38. The system of claim 36, wherein the disease state is prostate cancer, lung cancer, breast cancer, metastatic cancer, cancer metastasis to the bone, metastatic prostate cancer, metastatic lung cancer or metastatic breast cancer.

39. A method, comprising:

providing a test compound;

contacting the test compound with a cell expressing a miRNA;

detecting a relative increase, decrease, or steady expression of the miRNA; and

identifying the test compound as an inhibitor when a relative decrease of the miRNA expression is detected, or identifying the test compound as an agonist when a relative increase of the miRNA expression is detected.

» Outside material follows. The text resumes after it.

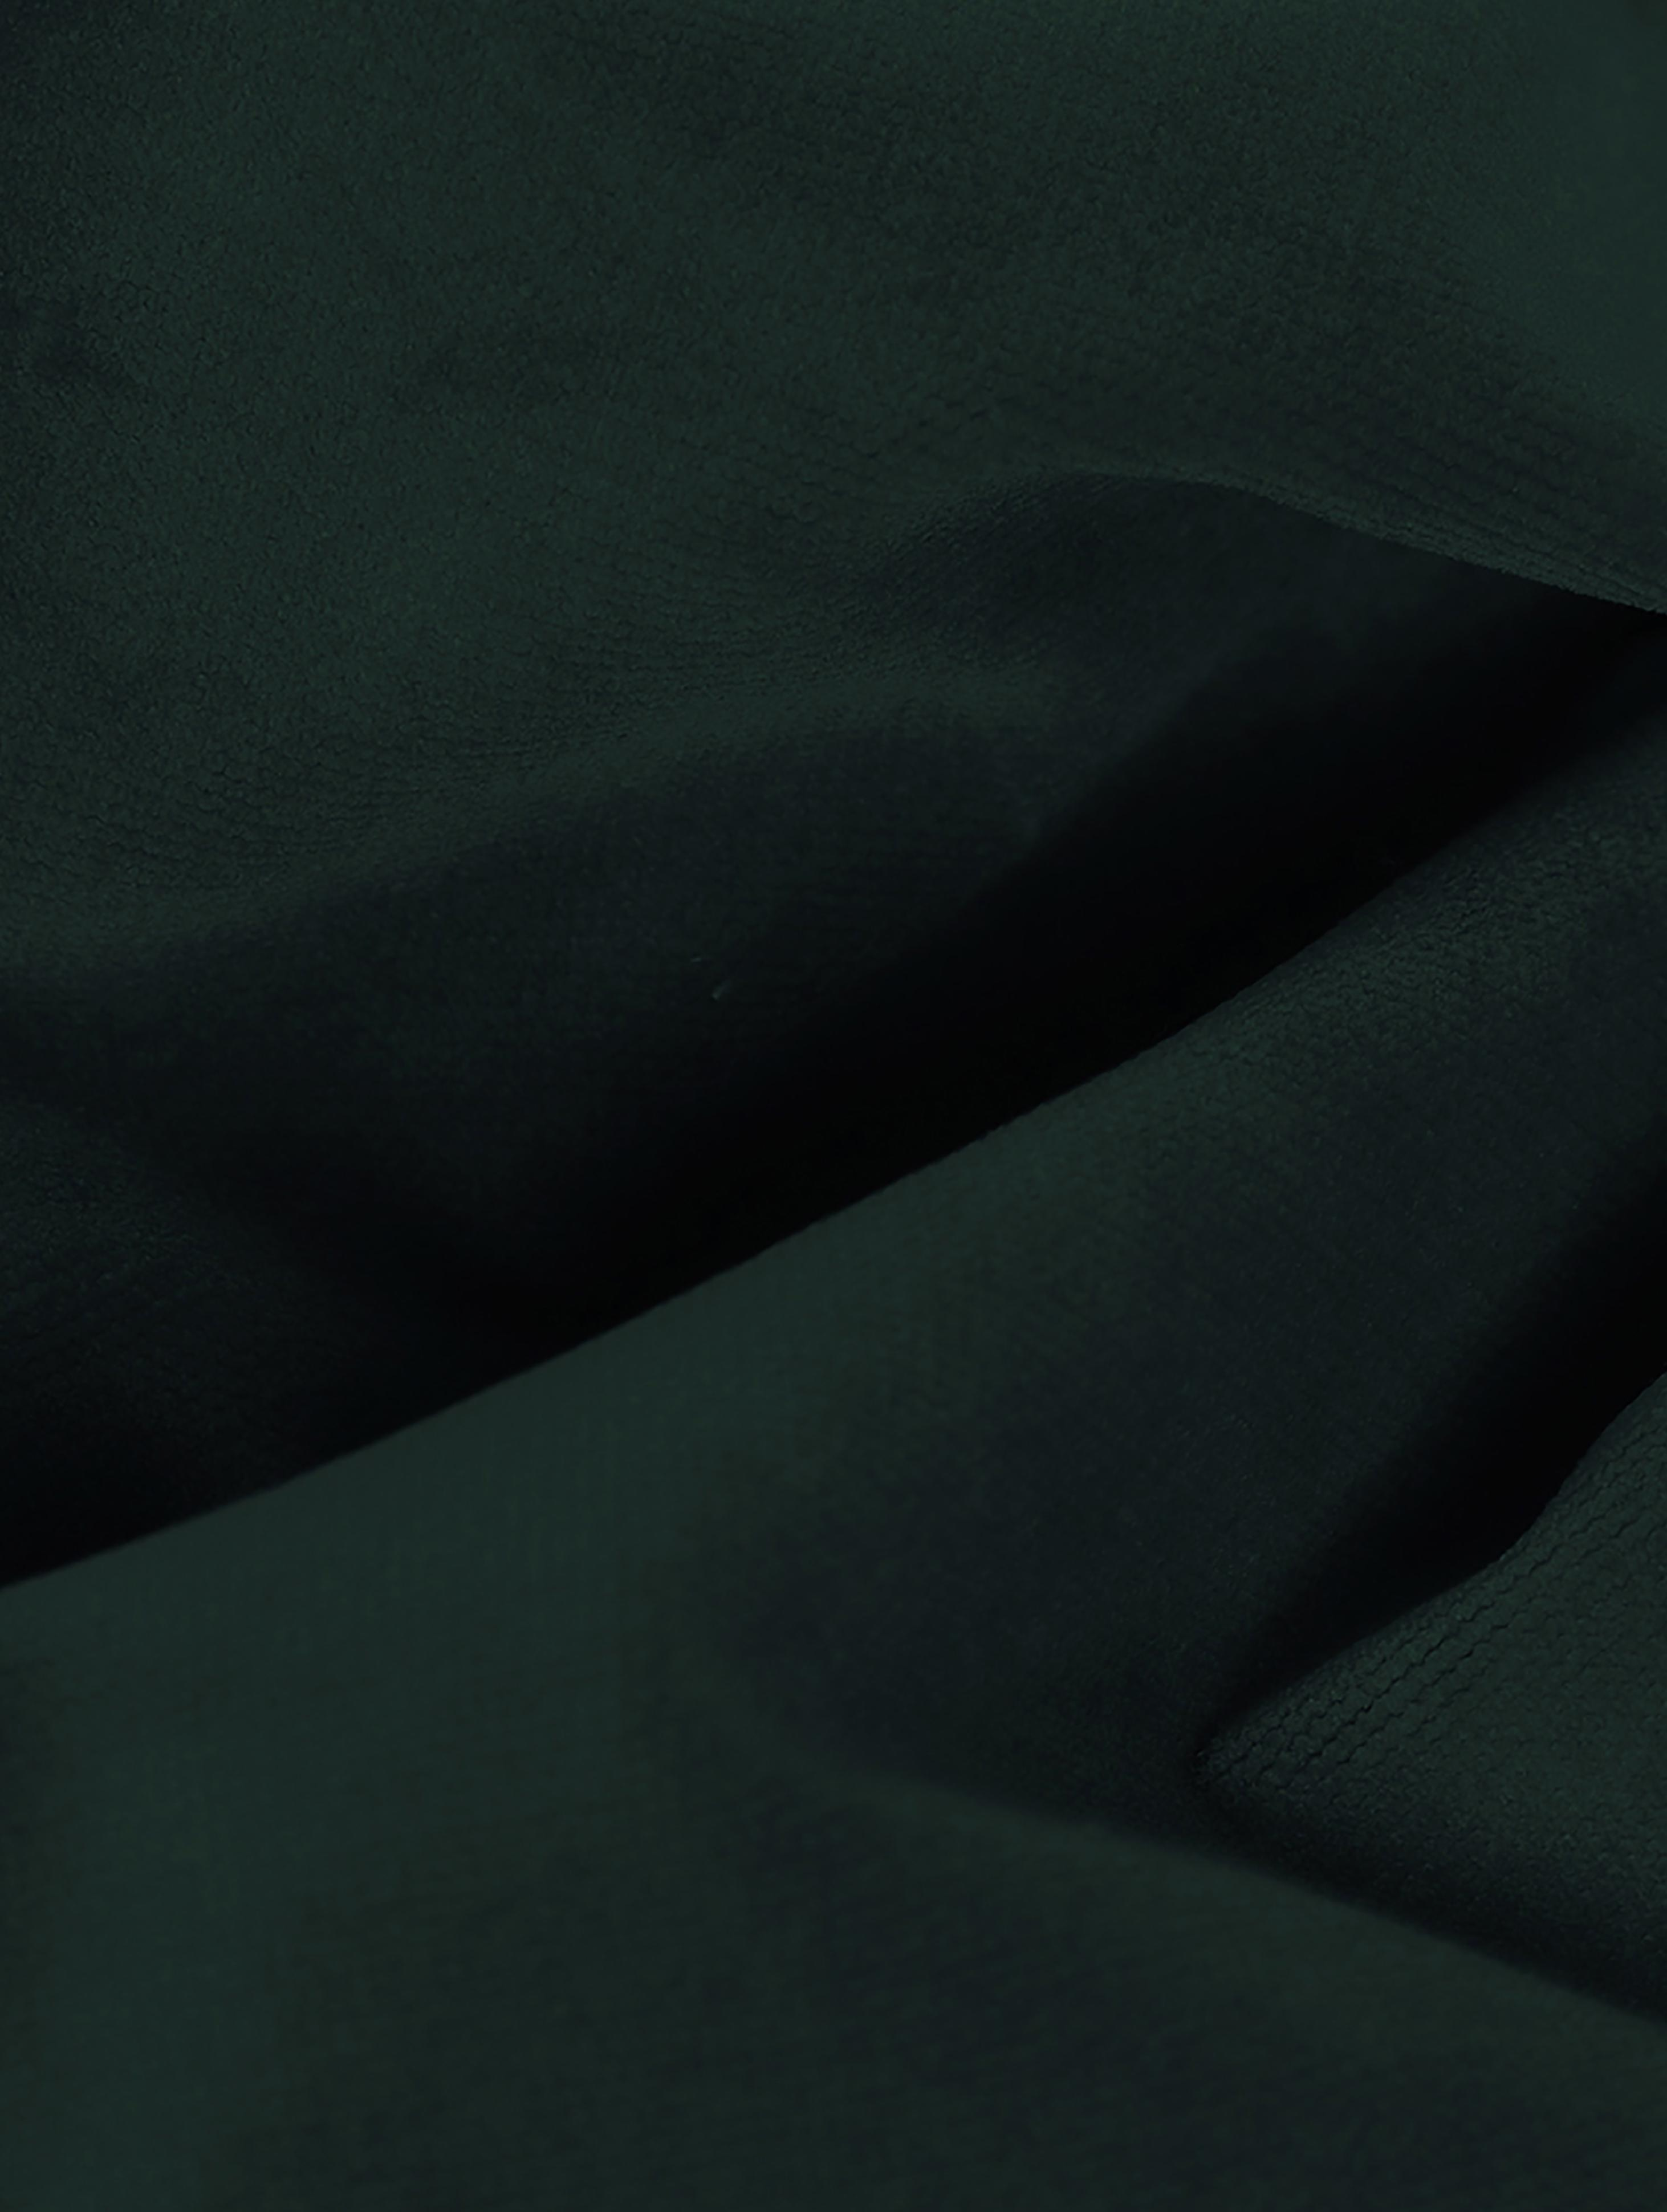 Divano 2 posti in velluto verde scuro Moby, Rivestimento: velluto (rivestimento in , Struttura: legno di pino massiccio, Piedini: metallo verniciato a polv, Velluto verde scuro, Larg. 170 x Prof. 95 cm

40. The method of claim 39, wherein miRNA is miR-379, miR-379*, miR-193b, miR-193b*, miR-409-5p, miR-409-3p, miR-154, miR-154*, mature miR-379, mature miR-379*, mature miR-193b, mature miR-193b*, mature miR-409-5p, mature miR-409-3p, mature miR-154, mature miR-154*, SEQ ID NO:2, SEQ ID NO:3, SEQ ID NO:5, SEQ ID NO:6, SEQ ID NO:8, SEQ ID NO:9, SEQ ID NO: 11 or SEQ ID NO:12.

41. A method, comprising:

providing a test compound;

contacting the test compound with a cell expressing the DLK1-DIO3 region;

detecting a relative increase, decrease, or steady expression of the DLK1-DIO3 region; and

identifying the test compound as an inhibitor when a relative decrease of the DLK1-DIO3 region expression is detected, or identifying the test compound as an agonist when a relative increase of the DLK1-DIO3 region expression is detected.

42. A method, comprising:

providing a test compound;

contacting the test compound with a cell expressing MEG9;

detecting a relative increase, decrease, or steady expression of MEG9; and

identifying the test compound as an inhibitor when a relative decrease of MEG9 expression is detected, or identifying the test compound as an agonist when a relative increase of MEG9 expression is detected.